Some results in the literature may appear at odds with the Heuristic. For instance the positive correlations with alpha power found in the thalamus by Goldman et al. (2002) and in other regions (Gonçalves et al., 2006). However, the Heuristic describes a relationship based on normalised not absolute power. Therefore, if increases in alpha were, for example, accompanied by decreases in lower frequencies (delta/theta), this would be compatible with the Heuristic. Using separately acquired fMRI and source-reconstructed MEG data, Muthukumaraswamy and Singh (2008) showed stimulus-related increases in gamma band activity without corresponding changes in BOLD. However, while this result clearly speaks against the gamma-BOLD hypothesis, it does not necessarily speak against the Heuristic. This is again because the Heuristic depends on the normalised power of the whole spectrum.

An interesting inference to be drawn from Muthukumaraswamy and Singh (2008) is that gamma band power may reflect the synchronized activity of local neuronal ensembles. This view fits in with neural network modelling results (Kopell et al., 2000) and power-law analyses of electrocorticogram data (Miller et al., 2007). While BOLD can be sensitive to changes in the gamma band, as many studies have shown, it is also sensitive to activity in the whole spectral domain, including the more spatially dispersed lower frequencies (Kopell et al., 2000), and processes reflecting large-scale neuromodulatory input (Logothetis, 2008).

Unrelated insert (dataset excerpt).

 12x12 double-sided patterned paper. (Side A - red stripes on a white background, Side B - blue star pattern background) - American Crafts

The original paper that described the Heuristic model was partly inspired by the results of EEG-fMRI integration in the study of epilepsy. In this field, increased slow wave activity has been shown to be associated with decreased BOLD (Archer et al., 2003) while spike and wave discharges (with high-frequency components) have been shown to cause BOLD activations (Krakow et al., 2001; Hamandi et al., 2004). This would be entirely in agreement with the Heuristic model.

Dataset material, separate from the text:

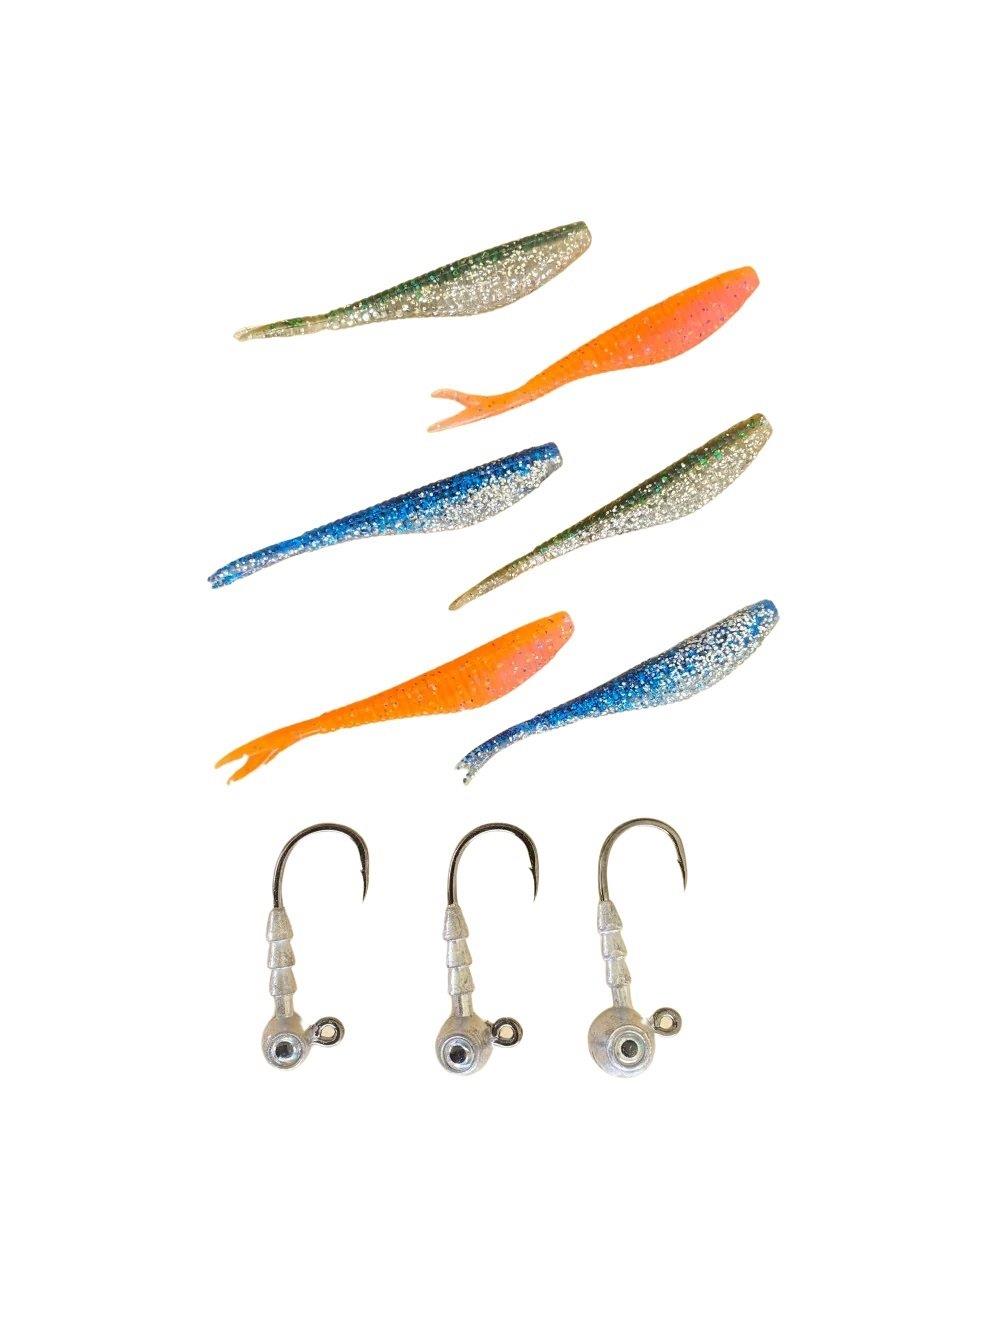 Glowbite Mighty Micro Shad Soft Bait Pack

To our knowledge, this paper reports the first study where the model proposed by Kilner et al. (2005) has been empirically tested using human brain imaging data. It is also the first work in which different putative functions for the relationship between BOLD and spectral characteristics of neuronal activity, as measured with EEG, have been explicitly compared.

To this end we designed a study providing experimental control over the frequency structure of the EEG signal by entraining networks to visual stimulation at different frequencies. Our results suggest that changes in BOLD are indeed associated with changes in the spectral profile of the underlying neuronal activity, and that these changes do not arise from a single spectral band. Instead they result from the dynamics of the various frequency components together, in particular, the relative contribution of high and low frequencies as proposed in Kilner et al. (2005).

Although we entrained networks to visual stimulation, we have no reason to anticipate different results if neuronal activity were modulated by different cognitive processes. However, this is an empirical question that should be addressed in future studies. The current paper provides evidence in favour of the Heuristic model but, of course, as with any scientific experiment does not prove that the underlying theory is true. We expect that as data are gathered from additional experimental paradigms and sensory modalities, a balance of evidence will emerge.

We expect that fMRI recorded concurrently with intra-cranial EEG will play a major role in these investigations as this will provide more direct access to the various cortical and subcortical regions that have little impact on the scalp EEG. This may help to resolve to what extent, if at all, BOLD and EEG are differentially sensitive to endogenous lower frequency ‘global’ states versus higher frequency local processing (Laufs, 2008).

Understanding the nature of the link between neuronal activity and BOLD plays a crucial role in improving the interpretability of BOLD imaging and relating electrical and hemodynamic measures of human brain function. Finding the optimal transfer function should also aid the design of more robust and realistic models for the integration of EEG and fMRI, leading to estimates of neuronal activity with higher spatial and temporal resolution, than are currently available.